There was little traffic on the back road along the mountains, but Sam was lucky enough to get rides to take him through Bight County into Scaery. “Watch yourself,”
said the last driver, as he let Sam out in front of an inn.
“Things are in a mess here in Scaery”
“What kind of mess?” Sam asked.
“The Gharmgods,” said the man. “They’ve invaded the town. They’re marching every night. With the prophets countermarching. On the edge, the prophets. Very vehement, they are. They could do anything. Just watch yourself, that’s all.”
Tchenka? What else could it be? Sam took himself into the inn and got a room facing the street. If there were to be parades, he wanted to see them.
They came after midnight, when the lights of the city were out, down the dark streets in undulant processions. A snake the length of several houses, green as emeralds, with Gharm capering after it, making a happy noise on bells and cymbals and tiny drums. A roof-high bird stalking behind the snake, brooding violet veils of feather sprouting from its wings. And again, Gharm behind, singing.
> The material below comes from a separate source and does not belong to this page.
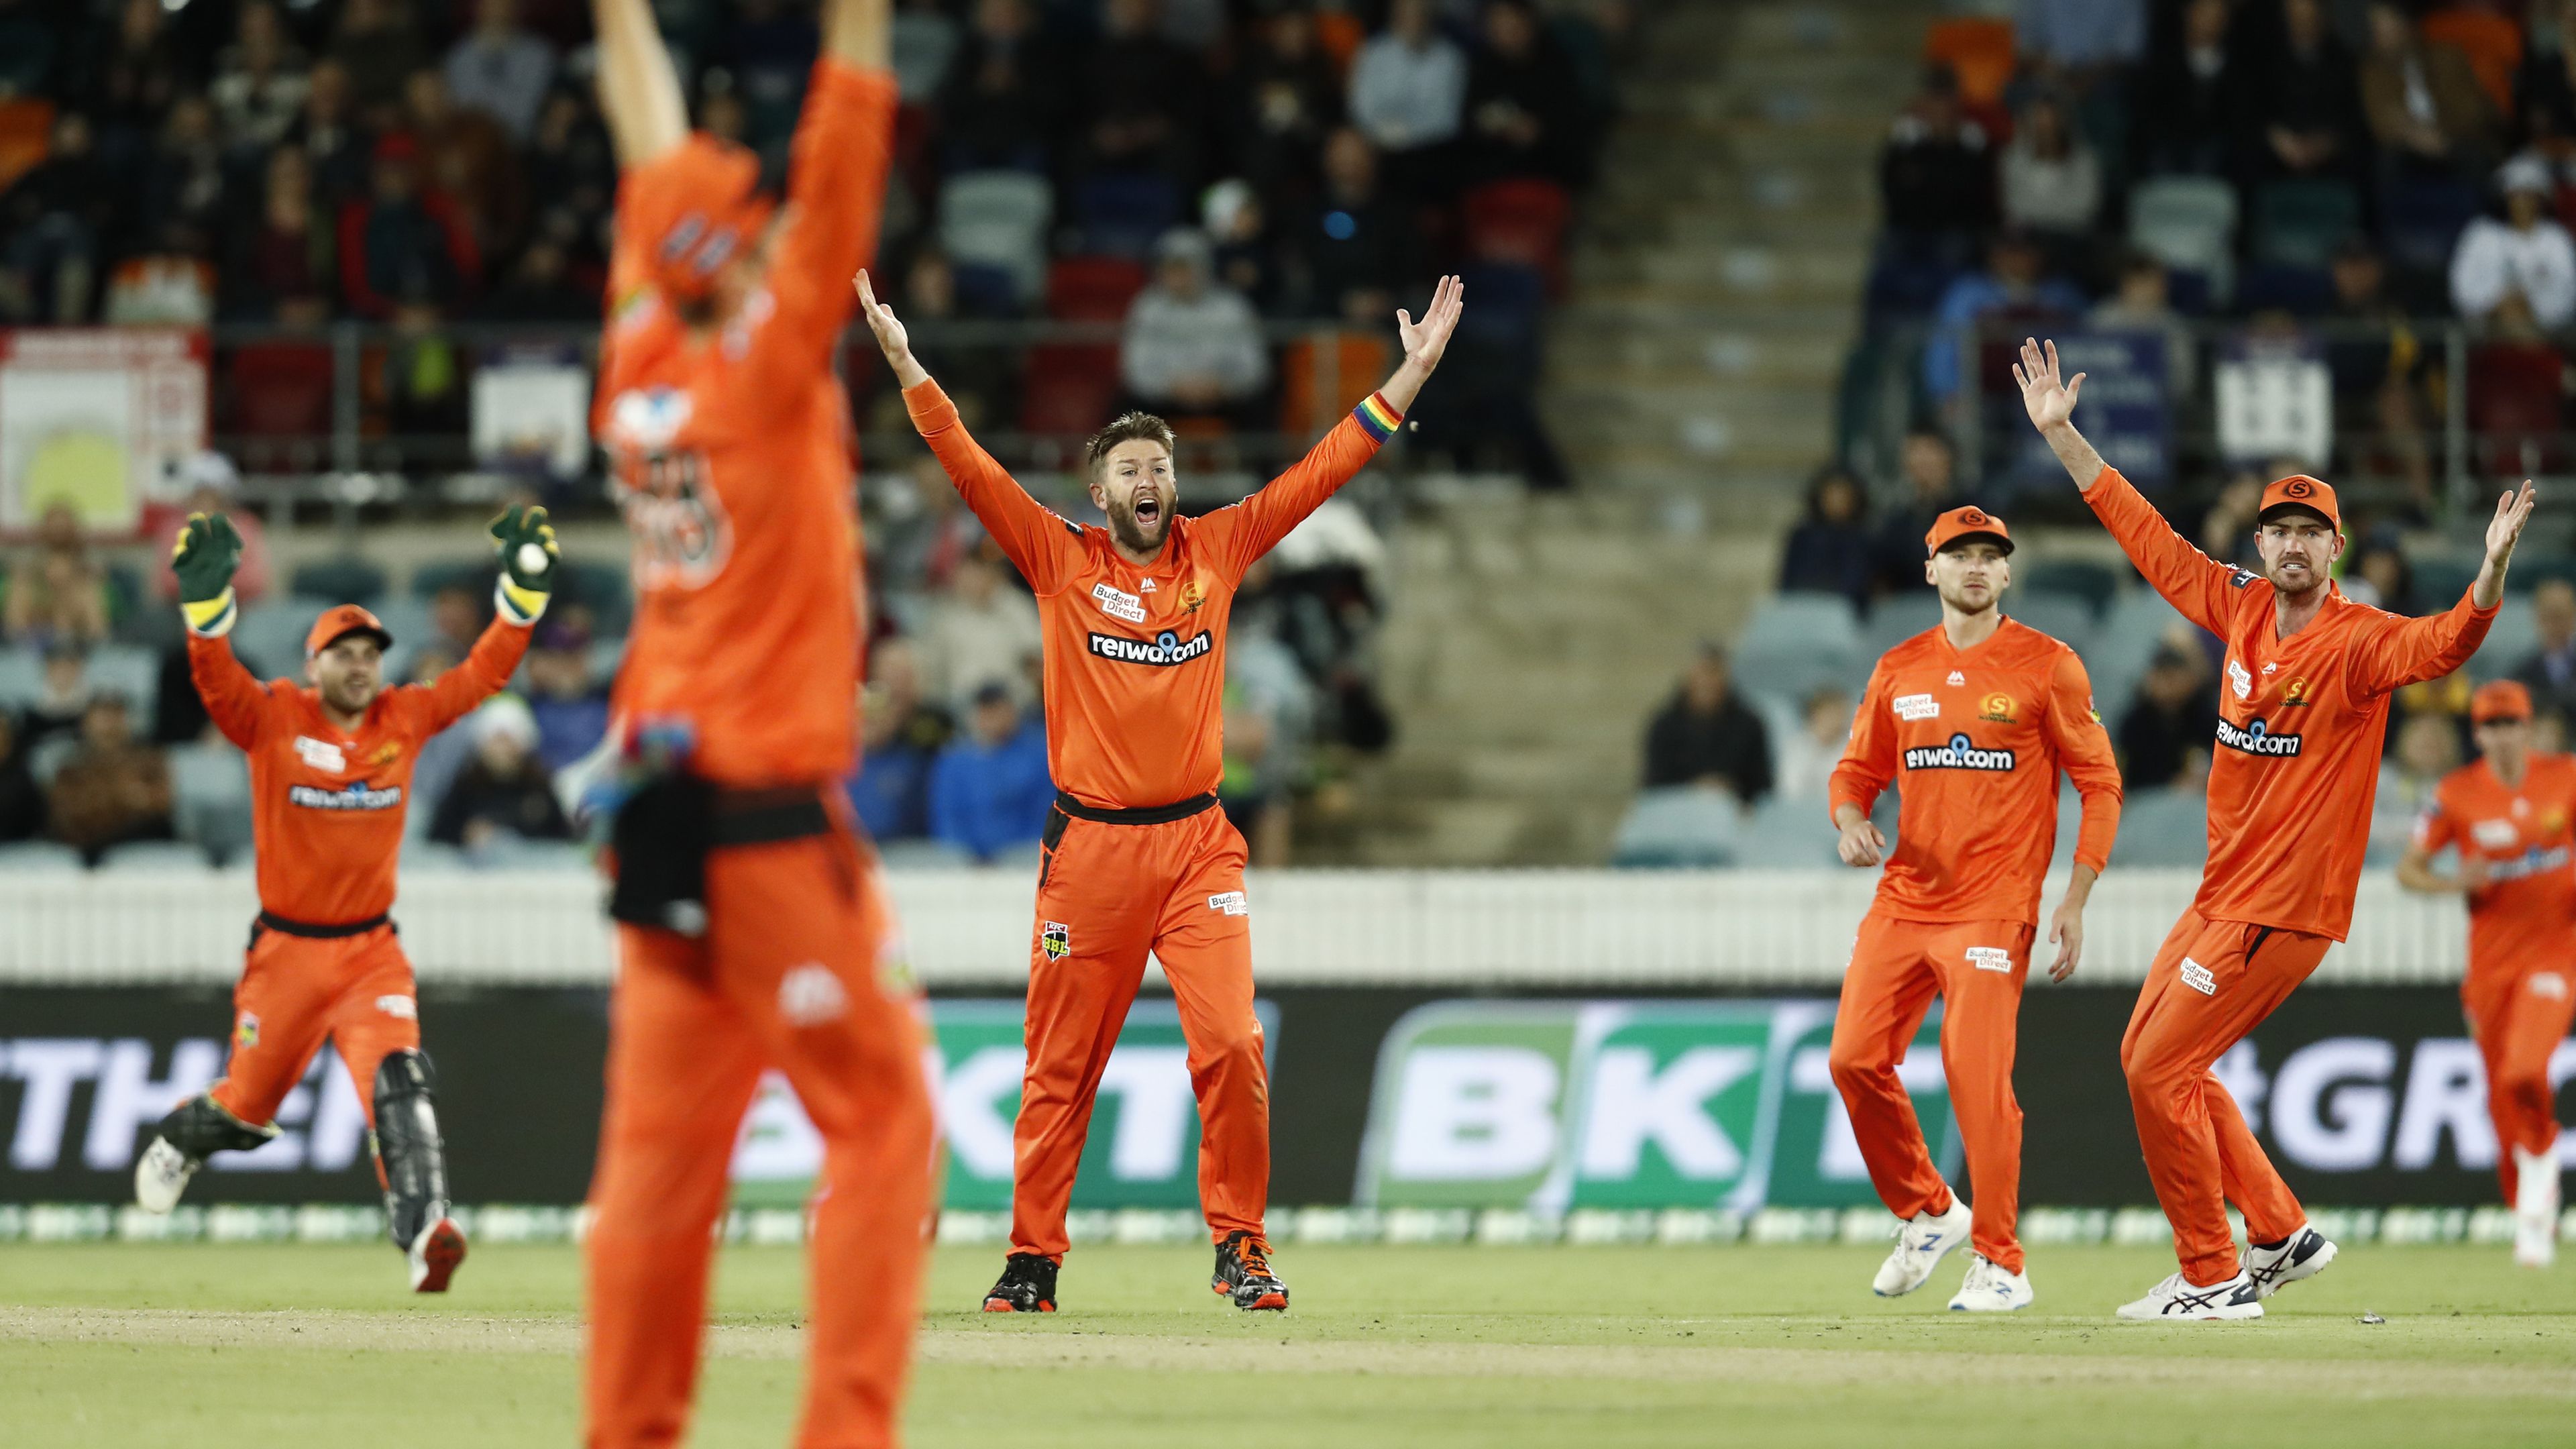 Big Bash League introduces review system in an effort to eliminate howlers
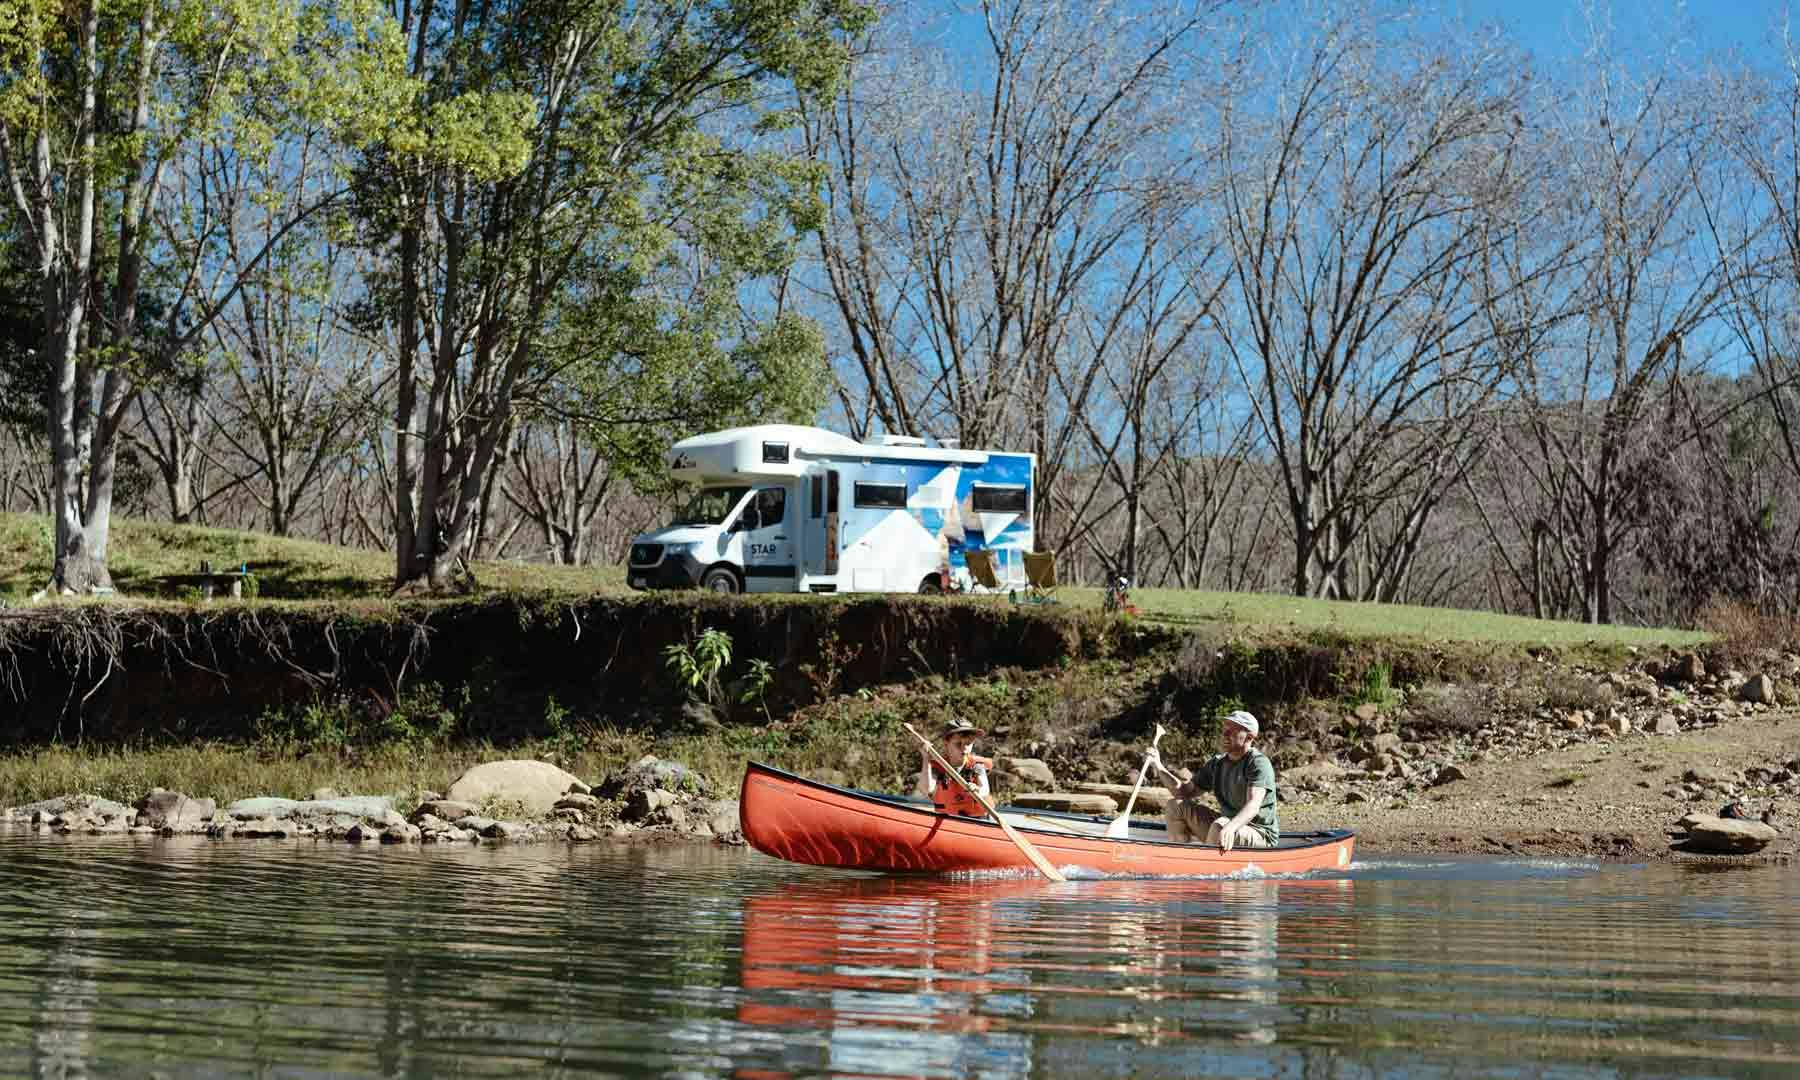 Father and son canoeing down river in Australia

A gong banged, a trumpet blatted, the snake and bird vanished. Into the street surged a crowd of men with robed prophets leading them. Carrying the symbols of their Cause, whips and banners, they paraded down the street, blowing their trumpets, banging their gongs, screaming in uni
son, “Ire, Iron, and Voorstod.” When they had gone, the green snake came out of an alley and coiled itself before the inn, looking up with glowing turquoise eyes into Sam’s face. Bird and snake moved away to be succeeded by other creatures, who were driven away by the prophets, only to return again. All throughout the night, the Gharm danced, and laughed, and sang, and tum-te-tummed on their tiny drums, making a noise like rain in a dry and thirsty land.
“Coribee,” they cried when they saw Sam watching. “Coribee.”
Sam had breakfast in the inn tavern, meal cakes and cheese and lorsfowl eggs, which he had never eaten before.
“D’ja see the parade?” asked the cook, a bulky woman of uncertain age. “D’ja see that big serpent. Wan’t he somethin’.”
Inspiration struck Sam between one bite of egg and another. “They’ve come as a sign from the Almighty to the prophets,” he said. “That the prophets are to leave this land and go to a new place.”
“I din’ know that,” she said, amazed. “Whafor?”
“Ah, because their work will be accomplished sooner from the new land,” said Sam. “So says Almighty God.”
“I’ll be,” said the cook, shaking her head in amazement. For some time she went on with her work, interrupting herself every now and then to say, “I’ll be.”
“Do you remember Maire Manone?” Sam asked after a time.
“I do,” she said. “I’uz on’y a wee brat when she left, but I ’member those songs of hers. ‘Scaery in the Mist.’ ‘Little Boat.’ ‘Crows Among the Corn.’ We still sing em.”
“Do you know where she lived, when she was here in Scaery?”
The cook didn’t, but she told him who would know. Later, as Sam was going out to find that person, he heard the cook telling a group of workers from nearby buildings that the Almighty was sending a message to the prophets.
“Where’d you hear that?” someone asked.
“It’s the truth,” said the cook. “The prophets know it themselves.”